StaticArrays are not mutable, so this cannot work on them since .= lowers to broadcast! which mutates the values instead of returning them. Besides, SArrays shouldn’t be broadcasted anyways. You’ll notice it’s faster to let them utilize their unrolled fast arithmetic rather than using the anonymous function of broadcast. You need to code for these two cases very differently.
I disagree. There is no reason why you shouldn’t use broadcast and SArrays. The unrolled cases come into play for linear algebra operations, but there is no relation with elementwise operations . If broadcast is indeed slow for SArrays we need to fix it (and there is no apriori reason why it shouldn’t be fast, since you could unroll the entire broadcast operation).
The question whether or not .= should work for SArrays is debatable. Since the SArray is immutable asking for it to be overwritten makes little sense, but I would be in favour of making .= mean = for SArrays (and other immutable containers). Being able to use broadcast in generic code is important.
Right now the lowering of .= prevents SArray from defining that.

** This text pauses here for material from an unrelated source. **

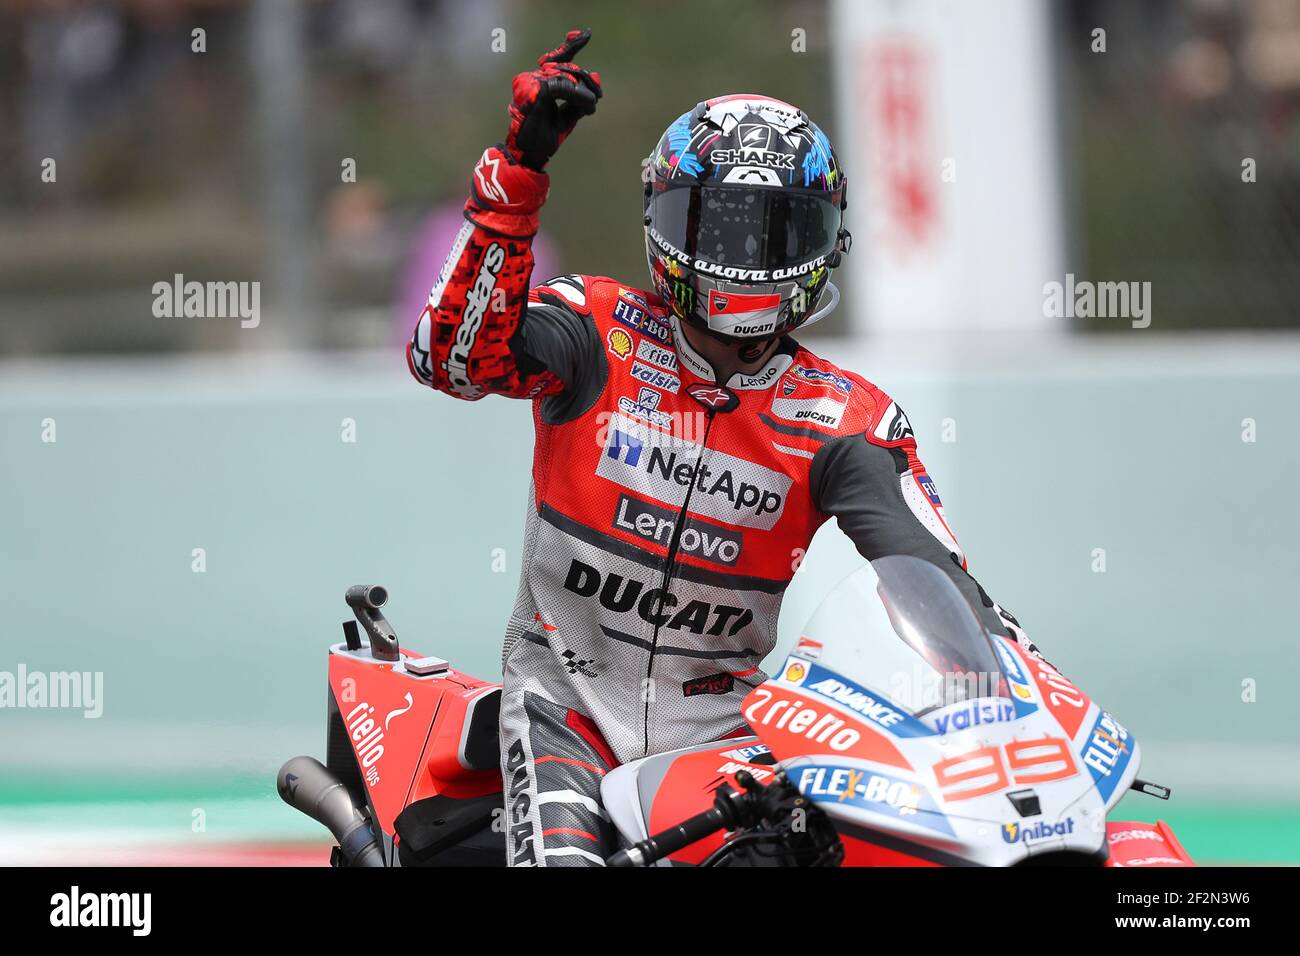 Jorge LORENZO of Spain and Ducati Team celebrates victory during Moto GP  race at The Catalunya

Sure, there’s no a priori reason why it shouldn’t be fast, but right now it isn’t so it should be avoided. If that gets changed then that would help a lot. I wasn’t talking about a hypothetical future, I was talking about writing code right now (this has a Usage tag and not a Development tag. I agree that the noted issues maybe could be solved in the future, but I don’t see a reason to believe it will change soon at all).
StaticArrays’s broadcast and broadcast! are fully unrolled (as in, the generated function creates an expression for each element of the destination without any runtime for-loops). +, -, etc. are all defined in terms of broadcast and map, e.g.
@inline +(a::Number, b::StaticArray) = broadcast(+, a, b)
function f(x,y,z)
x .+ y .+ z
end
function g(x,y,z)
x + y + z
end
using StaticArrays, BenchmarkTools
x = @SVector [2.0,3.0,4.0]
y = @SVector [2.0,3.0,4.0]
z = @SVector [2.0,3.0,4.0]
@btime f(x,y,z) # 33.372 ÎĽs (21 allocations: 768 bytes)
@btime g(x,y,z) # 19.085 ns (1 allocation: 32 bytes)
@btime f($x,$y,$z) # 3.220 ns (0 allocations: 0 bytes)
@btime g($x,$y,$z) # 3.220 ns (0 allocations: 0 bytes)
So I don’t know, but removing broadcast was a big improvement in the larger package for some reason . (But we can discuss this more in a separate thread)
Not sure if I’m a fan of that. I think it could be pretty confusing. Also, to support both mutable and non-mutable arrays, you’d have to do something like
function f(x::AbstractArray)
y = similar(x) # needed for Array, what should `similar` do for StaticArray?
y .= x.^2
y
end
similar(::StaticArray) could just call zeros, but I’d be worried that the compiler wouldn’t be able to optimize this away, especially if the broadcast!ed function is not inlined. So you’re going to have suboptimal performance for StaticArrays, and I think quite a few StaticArrays users want to squeeze every bit of performance out of the algorithm.
The results for non-interpolated x, y, and z can probably be explained by having to perform runtime dispatch for every element (with f) vs. only once (with g). So I can see how it can make a sizeable difference in type-unstable code.
If x, y, and zall have the same dimensions are all StaticArrays, + will actually call map (which is also specialized and fully unrolled in StaticArrays). So another difference could be that there’s no “loop fusion” (quotes because there is no actual loop) with x + y + z, while x .+ y .+ z is fused. Maybe that results in operations being performed in a different order, which could have some influence. Some of those differences might go away as the compiler performs optimization, but I guess there could be differences.
Edit: also, the fact that several unfused maps are called vs. one fused broadcast could certainly have been a big difference in light of inference limits, as in your https://github.com/JuliaLang/julia/issues/22255.